Currently, plastic pollution statistics state that one rubbish truck full of plastic is being dumped into the ocean every single minute. On top of this, when plastic is taken to rubbish dumps and landfill sites, the pollutants that are in the plastics eventually get released into the surrounding earth, which over time affects both wildlife and ground water leading to the ocean for many years.
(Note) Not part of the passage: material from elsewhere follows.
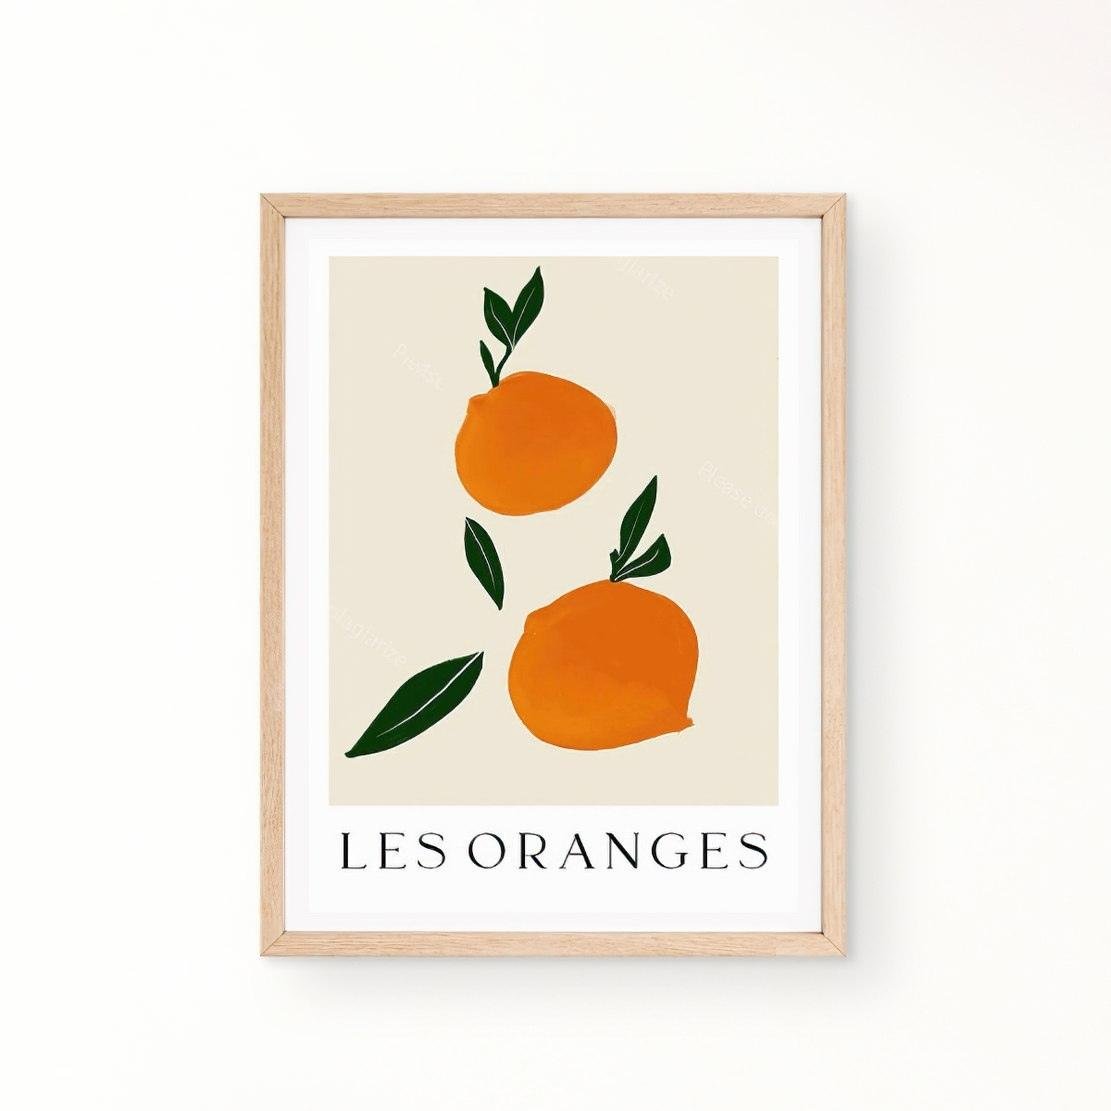 Les Oranges poster / Orange abstract art print

While we have all seen photos of various fish in the ocean being tangled in plastic rubbish, what we don’t often realise is that every single life in the ocean is affected by plastic pollution. Tiny organisms such as plankton are ingesting plastic, which poisons their system. This then results in a knock-on effect for all of the sea-life that rely on plankton for their own source of food, and so forth down the food chain, even up to the fish that we are consuming each day.

How does this affect us?

Each one of us is dependent on the health of the sea. Our oceans control the weather, climate, and are a source of life in itself. The huge body of water that covers 71% of our planet is what makes our planet unique within the universe. On top of this, our oceans contain 97% of the Earth’s water that is crucial for our survival, as well as being the main source of food for millions of people around the world.  On our planet, just our reefs alone are a source of income for over 500 million people.

What can we do about it?

Many people are under the illusion that because plastic is everywhere, we cannot avoid using it. And whilst there are currently no alternatives to some essential products that we use, there are many small and simple changes that we can all put in place to make a huge difference. Some examples of these are:

  • Use foldable cloth bags when you go shopping instead of disposable plastic ones
  • Don’t purchase items that come with lots of unnecessary plastic packaging
  • Ditch the disposable water bottles and instead purchase a refillable one
  • Be smart, and think ahead. When you decide to get lunch out, ask yourself whether you really need the plastic knife, fork and spoon that they hand out to you. Instead, can you use cutlery from your work canteen or bring in your own?
  • Recycle everything that you can. Look up the type of plastics that your local council allow you to recycle and make sure you stick to it
  • Purchase biodegradable products whenever you can. There are currently many every day items with these sustainable alternatives on the market, from cutlery to toothbrushes.

It is essential that we urgently reduce our plastic consumption, because as Underwater Photographer and founder of The Ocean Agency, Richard Vevers, stated in Chasing Coral, “Without a healthy ocean we do not have a healthy planet”.